The mechanics that make these discounts possible are also what make them brittle in multi-tenant deployments. The cache is not a perpetual artifact you control. It is a short-lived, in-memory record on the provider's serving infrastructure with a TTL between five and sixty minutes depending on the tier you pay for. When the TTL expires, or when the cache fills up and the provider's eviction policy reaches your prefix, the next request that hits that prefix pays the full uncached rate. Cache entries are isolated between organizations — your competitor cannot see your prefixes — but within your organization, the cache is shared across every tenant, every feature, every code path that calls the inference API.

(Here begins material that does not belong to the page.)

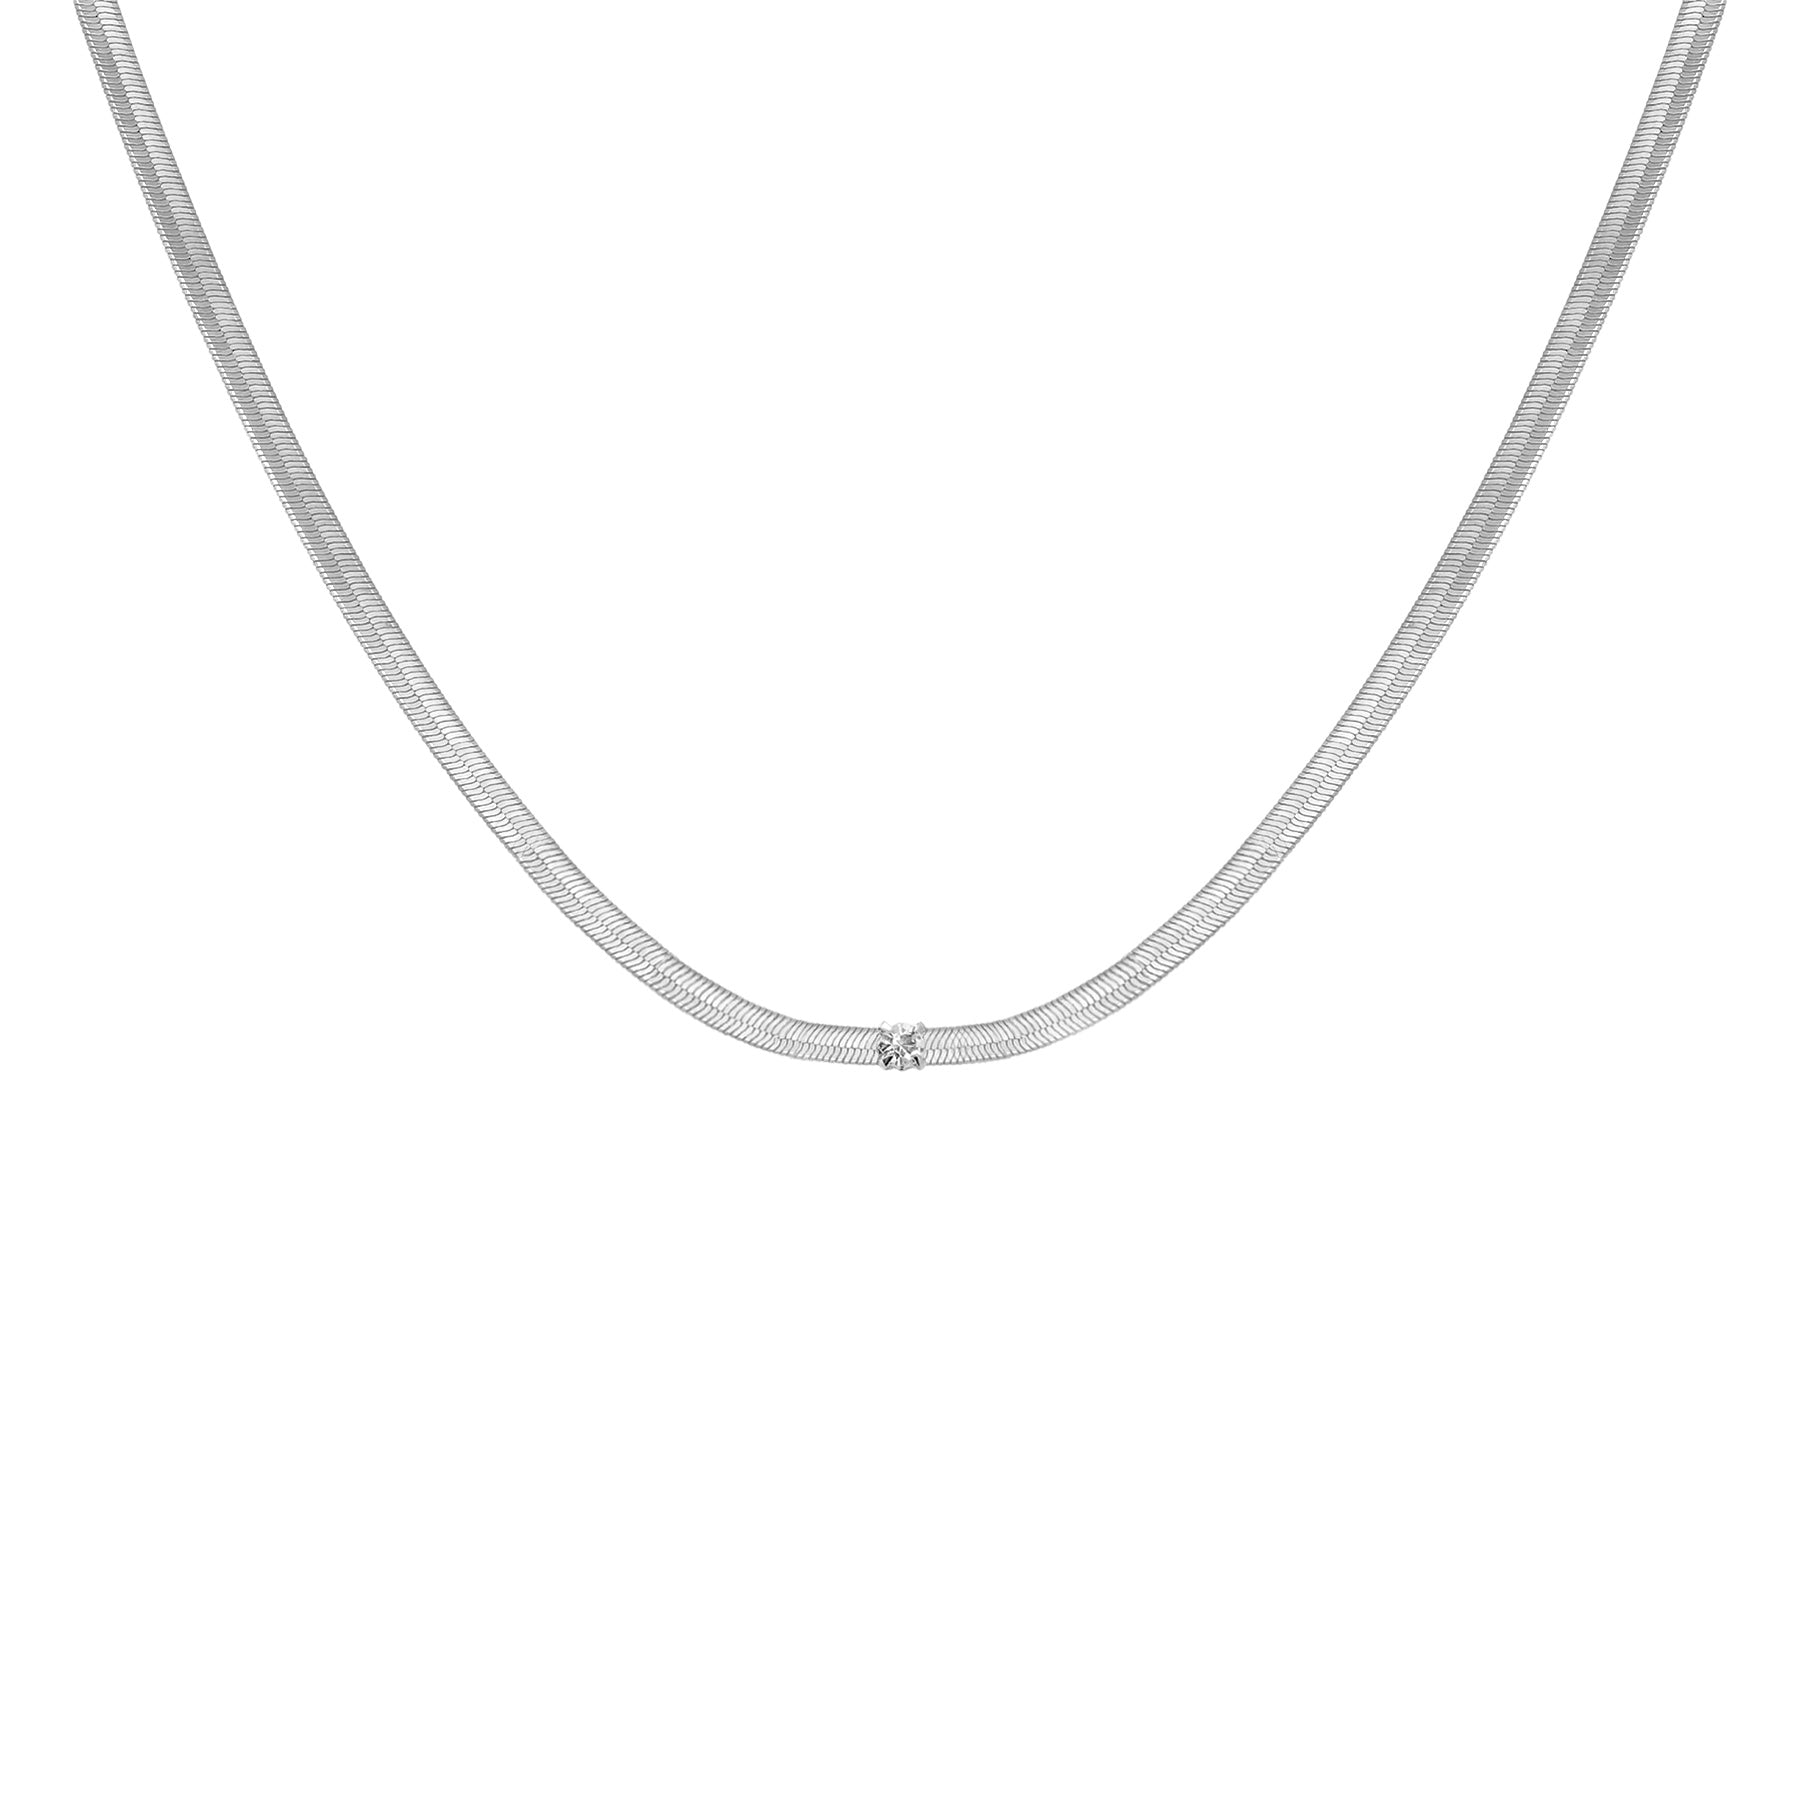 Silver zircon serpentine chain necklace

This is the part the unit-economics spreadsheet usually misses. The forecast assumes "we have N tenants, each with prefix P, each making M requests per minute, so cache hit rate ≈ 90%." The forecast does not model what happens when tenant A's traffic mix shifts from M requests per minute to 5M requests per minute on prefix Q, which is different from prefix P, and Q now occupies the cache slots that P used to live in. Tenants B through Z are still sending requests on P. They were getting cache hits last week. They are getting cache misses this week, and the only thing that changed is a tenant they have no relationship with launched a feature.

The Anatomy of a Thrashing Event

Cache thrashing is not a single failure mode. It is a family of incidents, all of which look identical on the cost dashboard and require different fixes. The four shapes worth naming:

Volume displacement. The largest tenant's QPS spikes — a marketing event, a viral product moment, a customer-success-driven onboarding wave — and the sheer volume of their requests dominates cache occupancy. Smaller tenants get evicted not because their prefixes are different but because the provider's LRU-adjacent policy is keeping the most-recently-touched entries hot, and the largest tenant is now touching different ones constantly.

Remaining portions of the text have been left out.